Extract Key-Value Pairs from Documents Using Power Automate
Muhimbi’s Document Converter for Power Automate recently added a new action - KVP extraction - which effectively extracts key-value pairs (KVPs) from unstructured documents or images. Leveraging AI, ML, and adaptive layout understanding, you can automatically label and extract information such as phone numbers, IBANs, credit cards, names, and email addresses.
The engine can handle scenarios like text recognition in noisy documents, recognition of dotted lines, handling touching and broken characters, text on colored backgrounds, underlined text, skewed text, and text in graphics and tables. Follow this guide to learn how to extract data from PDFs by using intelligent document processing.
Steps to extract key-value pair data from PDF documents using Power Automate:
1.Add “For a selected file” action.
From the list of triggers choose to manually trigger a flow, then add the SharePoint action “For a selected file” to the Power Automate Canvas and configure it following the details below:
-
Site Address: Specify the path to the SharePoint Online site collection that holds the file.
-
Library Name: Specify the library name where the file is located.
2.Add “Get file properties” action.
From the list of actions find SharePoint’s “Get file properties” action and configure it following the details below:
-
Site Address: Specify the path to the SharePoint Online site collection that holds the file.
-
Library Name: Specify the library name where the file is located.
-
Id: Add “ID” from the dynamic list.
3.Add “Get file content” action.
The third action to add is “Get file content” where you specify the site address and file identifier following the details below:
-
Site Address: Specify the path to the SharePoint Online site collection that holds the file.
-
File Identifier: Add “Identifier” from the dynamic list.
4.Initialize variable (Invoice Number).
In the actions search bar, type “Initialize variable” and click to add the action to the flow.
-
Name: Type “Invoice number” in this field or whatever you need to extract.
-
Type: Choose “String” from the drop-down list.
-
Value: You can leave this field empty.
5.Initialize variable (Invoice Date). In the actions search bar, type “Initialize variable” and click to add the action to the flow.
-
Name: Type “Invoice date” in this field or whatever you need to extract.
-
Type: Choose “String” from the drop-down list.
-
Value: Enter string value
6.Add the Muhimbi action “Extract Key Value Pairs”.

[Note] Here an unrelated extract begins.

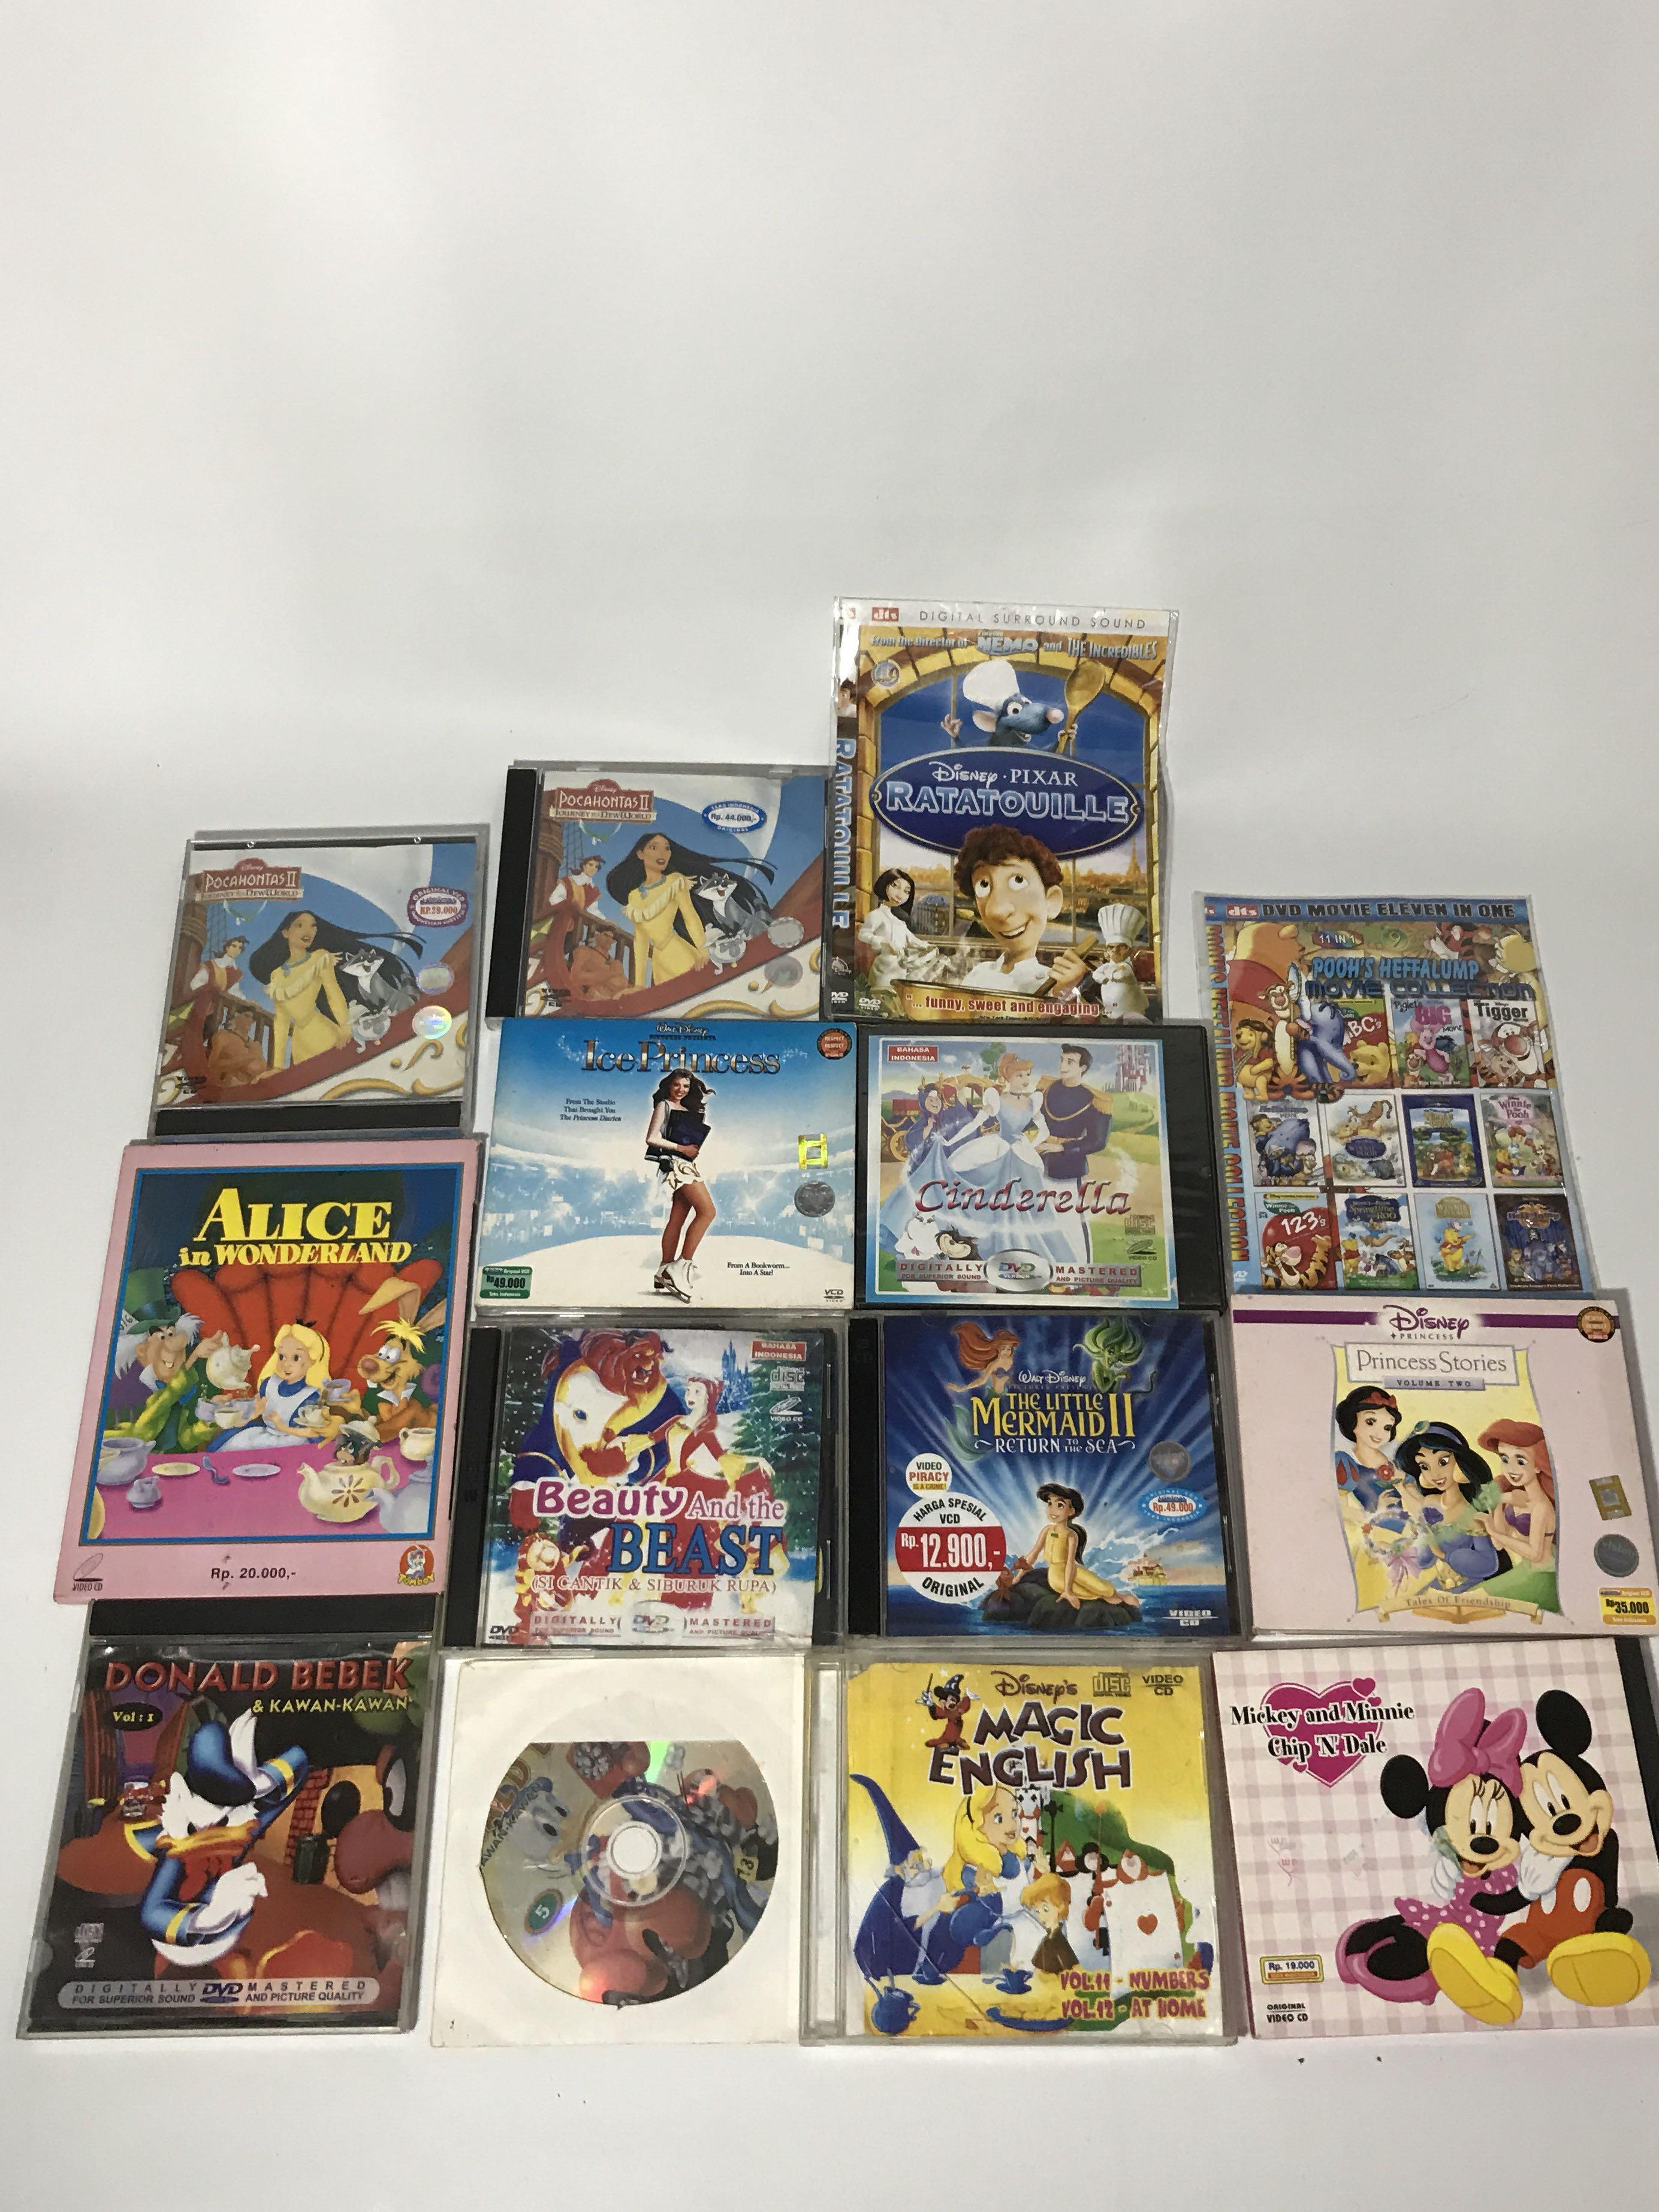 Disney dvd bundled up set

Add the Muhimbi “Extract Key Value Pairs” action to the Power Automate and configure it following the details below.
-
Source File name: Choose “File name with extension”
-
Source file content: Choose the “Get file content” action.
-
OCR language: eng (We support many other languages)
-
DPI: In this example, we specified a value 300
-
KVP Output format supports three file types “json”, “csv”, “xml”
-
Page range: This is not a mandatory field but you can specify the page range of the document where you want to extract data.
-
Other fields are set up as default
-
The confidence threshold should be set up to 50.
7.Compose Just Log.
For this action, use the function Convert to Base64string.
8.Parse JSON.
Content field: Choose “Outputs” from the dynamic list. Schema: The code will be generated.
9.Apply to each.
Put the “Body” content from the dynamic list in the first field. Use the Switch statement to set the values for the invoice number and invoice date.
10.Create item.
Site Address: Site Address: Specify the path to the SharePoint Online site collection that holds the file.
List Name: Enter the name of your list. In this example, we put the name “Invoice Details”.
Title: Choose Choose the “Invoice Number” from the dynamic list of functions.
Invoice Date: Choose the “Invoice Date” from the dynamic list of functions.
That is it. Publish your Flow and run your flow manually, you can find the output file in the location mentioned in the “Create item” step. If the output file contains any key value, it will be based on the input file used.